The full JSON response…
Conversation Summarisation
Below the test conversational data supplied by Microsoft…
Agent: “Hello, you’re chatting with Rene. How may I help you?”Customer: “Hi, I tried to set up wifi connection for Smart Brew 300 espresso machine, but it didn’t work.”Agent: “I’m sorry to hear that. Let’s see what we can do to fix this issue. Could you push the wifi connection button, hold for 3 seconds, then let me know if the power light is slowly blinking?”Customer: “Yes, I pushed the wifi connection button, and now the power light is slowly blinking.”Agent: “Great. Thank you! Now, please check in your Contoso Coffee app. Does it prompt to ask you to connect with the machine?”Customer: “No. Nothing happened.”Agent: “I see. Thanks. Let’s try if a factory reset can solve the issue. Could you please press and hold the center button for 5 seconds to start the factory reset.”Customer: “I’ve tried the factory reset and followed the above steps again, but it still didn’t work.”Agent: “I’m very sorry to hear that. Let me see if there’s another way to fix the issue. Please hold on for a minute.”

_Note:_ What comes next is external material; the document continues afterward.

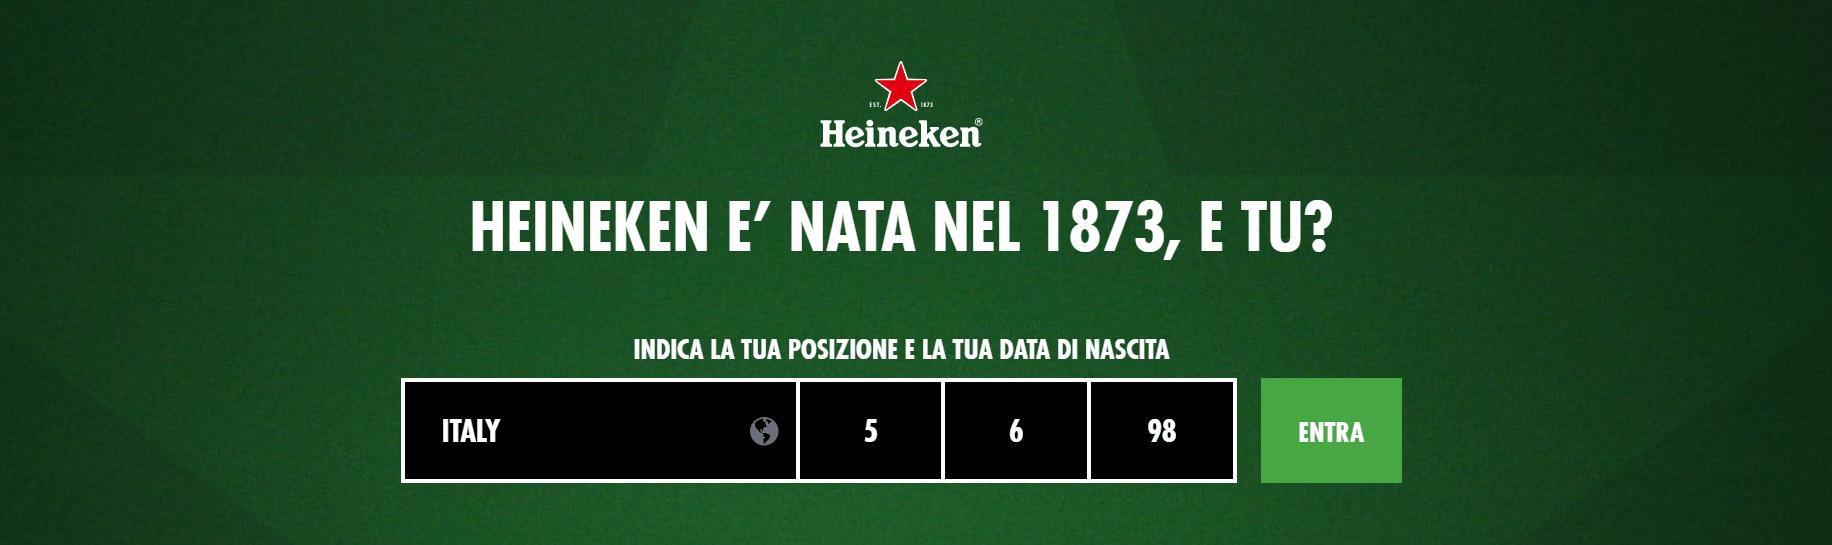 Sito Heineken

And the result view from the Microsoft documentation:
Unfortunately conversation summarisation is currently a gated public preview feature for which you need to apply and there is a waiting period of 10 days.
Conclusion
With regard to LLM’s there are a few things happening…three of note…the first is that there are a handful of companies specialising in Large Language Models in varying degrees. As mentioned at the onset of this article, these are OpenAI, Cohere, AI21labs, etc.
Secondly, there are models being open-sourced which are democratising access to large language models.
Thirdly, the traditional cloud platforms are looking at integrating LLM’s into their products. Making it easier for organisation to include documents into their search and knowledge bases. This approach makes the integration of LLM’s seamless and LLM’s acts as a supporting feature, disappearing in the background.
Often the question has been asked, what is the real-world production value of LLM’s. Seemingly Microsoft is trying to change this, with specific use-case based API’s and positioning these LLM implementations as supporting technology in orchestrating initiatives like CCAI.